Can the defendant company, the owner of all of the stock of the subsidiary company, claim by way of recoupment money alleged to have been misapplied and converted from its subsidiary company by the plaintiff, an employee of the defendant company? We think this cannot be done. Counsel for the defendant argues that the defendant company is the only one interested in the loss and profits of the subsidiary company, and, therefore, any damages to the subsidiary company through the action of the defendant's employee occasions damages to the defendant company for which it may recoup such losses.
While any loss of the subsidiary, under such circumstances, would result in loss to the defendant company, nevertheless, it would not be of such a nature that the defendant company in an independent action and in its own name and right, could enforce the claim against the plaintiff.
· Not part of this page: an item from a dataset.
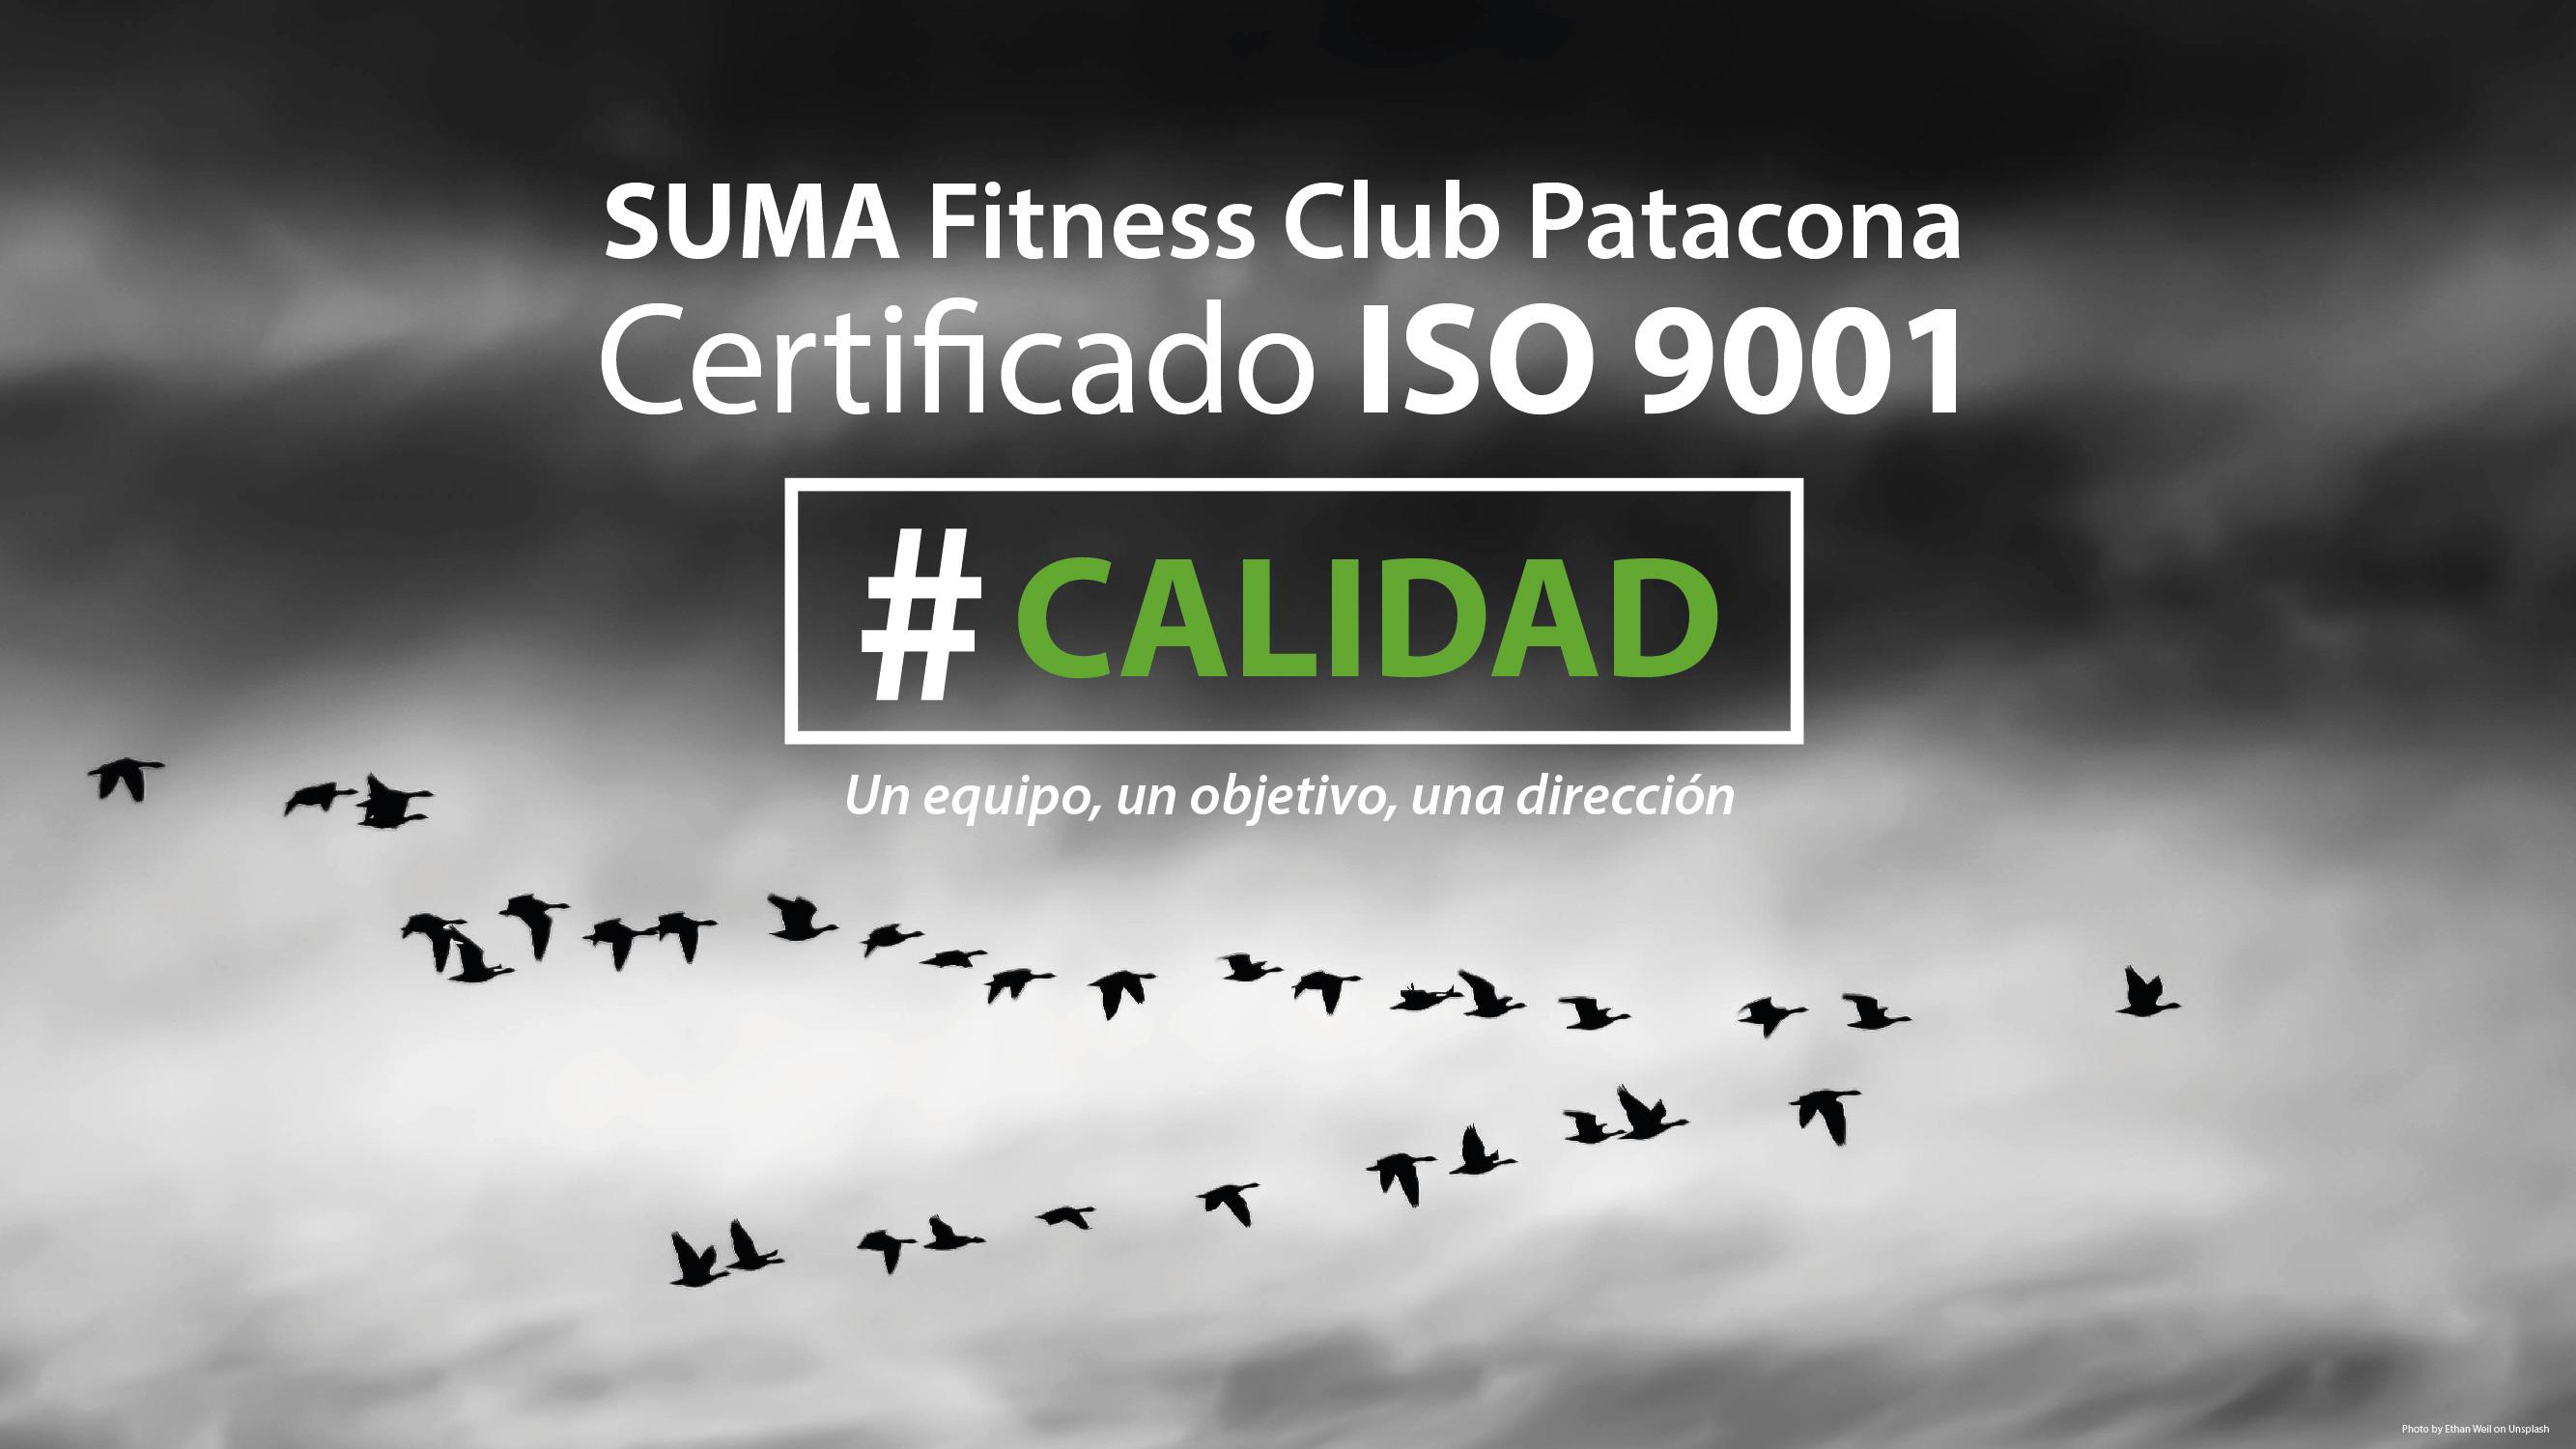 suma-fitness-club-patacona-calidad-iso-9001

The position of the defendant company, even if it owns all of the capital stock of the subsidiary company does not differ from the position of any stockholder in a corporation, and we think it cannot be contended that an individual stockholder, in an action brought against him by an employee of the corporation, could set up such a claim of recoupment. We see no distinction, under the circumstances, between a stockholder owning a lesser number of shares of stock. A corporation must sue in its own right and name, and a stockholder has not right to sue in his own name for the corporation. A stockholder of a company has no legal rights in the profits of a corporation until a lawful division of the same is made. A conveyance of all the capital stock of a company to a purchaser gives such purchaser only an equitable interest in the property to carry on business under the certificate of incorporation and in the corporate name, and the corporation is still the legal owner of the property. *Page 238 
Button v. Hoffman, 61 Wis. 20, 20 N.W. 667, 50 Am. Rep. 131; Wilde v. Jenkins, 4 Paige (N.Y.) 481.
For the reasons stated the court are clearly of the opinion that the claim set up in the notice of recoupment cannot avail the defendant company as a defense to this action, either in whole or in part, and, therefore, the notice of recoupment filed in the cause is ordered to be stricken out.